General information
- Type: Single-seat light monoplane
- Manufacturer: Hendy Aircraft Company
- Designer: Basil Henderson
- Number built: 1

History
- Manufactured: 1929
- Introduction date: 1929
- First flight: 1929
- Retired: 1940

= Hendy Hobo =

The Hendy 281 Hobo was a British single-seat light monoplane designed by Basil B. Henderson and built by the Hendy Aircraft Company at Shoreham Airport in 1929. Only one aircraft was built, registered G-AAIG, and first flown in October 1929 by Edgar Percival.

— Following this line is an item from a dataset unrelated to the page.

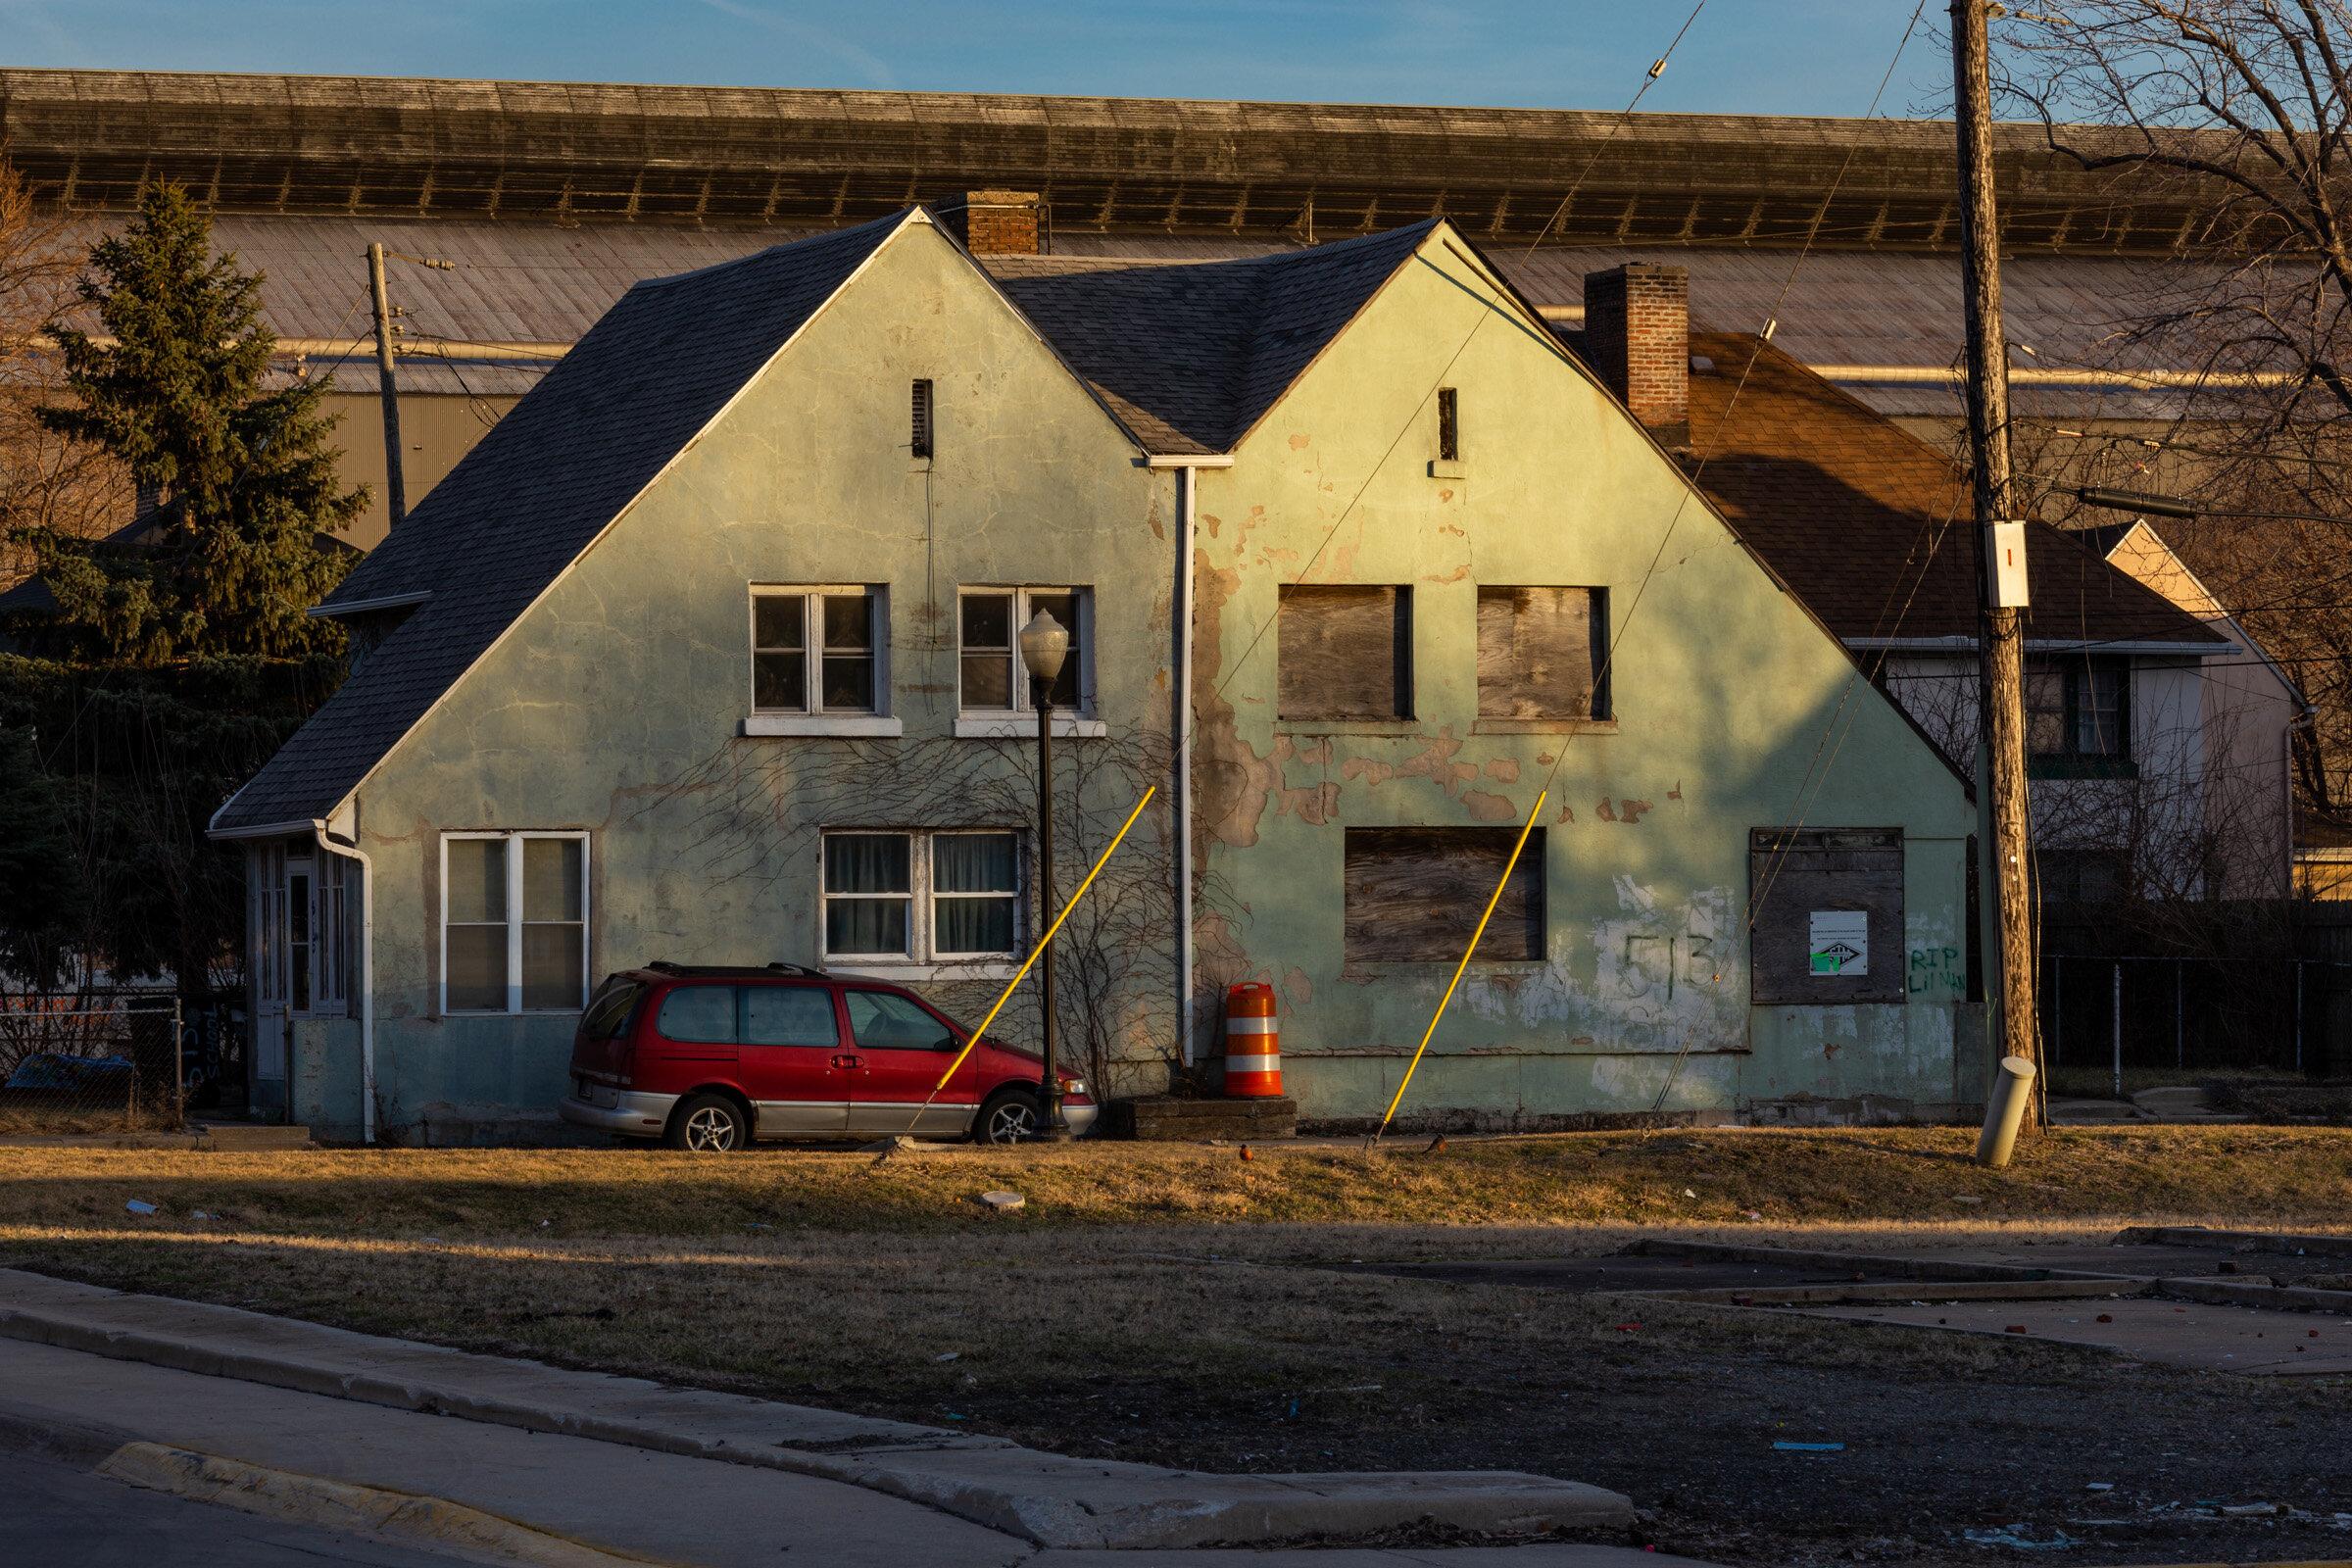 Figure 5. Marktown Duplex with ArcelorMittal Steel Mill Building, March 2019. Photograph by Matthew Kaplan.
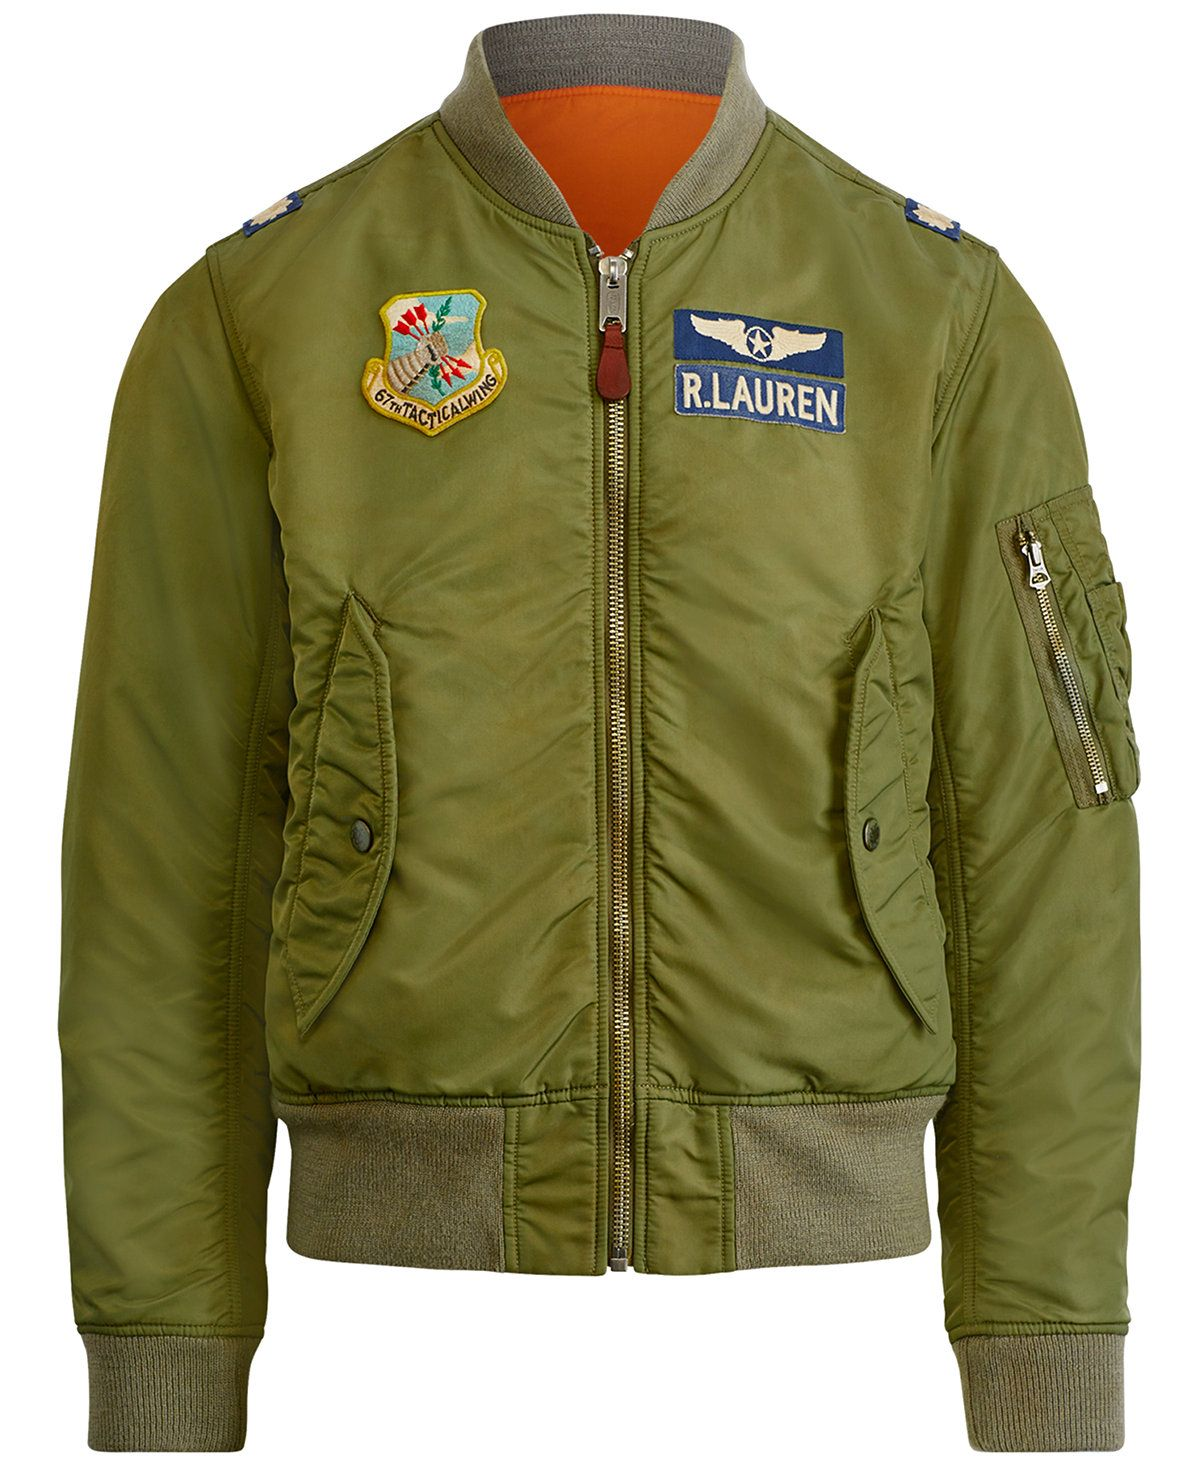 4150161c8 Polo Ralph Lauren Men's Iconic MA-1 Bomber Jacket - Coats & Jackets ...

It was a small low-wing cantilever monoplane with a fixed tailskid landing gear and powered by a 35 hp ABC Motors Scorpion II engine. It was rebuilt in 1934 with a 90 hp Pobjoy Cataract, mass balance ailerons and a modified landing gear.

==Operational life==
Under the ownership of Lord Patrick Stuart it was entered in many races in the 1930s and in 1934 won a race between Hatfield and Cardiff at 125.4 mph.
In the summer months of 1935 the Hendy Hobo was operated out of Hall Caine Airport, Isle of Man. Under the control of Flight lieutenant R. Duncanson, a former Chief Flying Instructor at the London Air Park and who had recently set up a flying school at Hall Caine. The Hendy Hobo captivated visitors and locals alike by performing a series of aerobatics over Ramsey Bay.

==Loss==
On 30 August 1940 it was destroyed by German bombing at Lympne Aerodrome.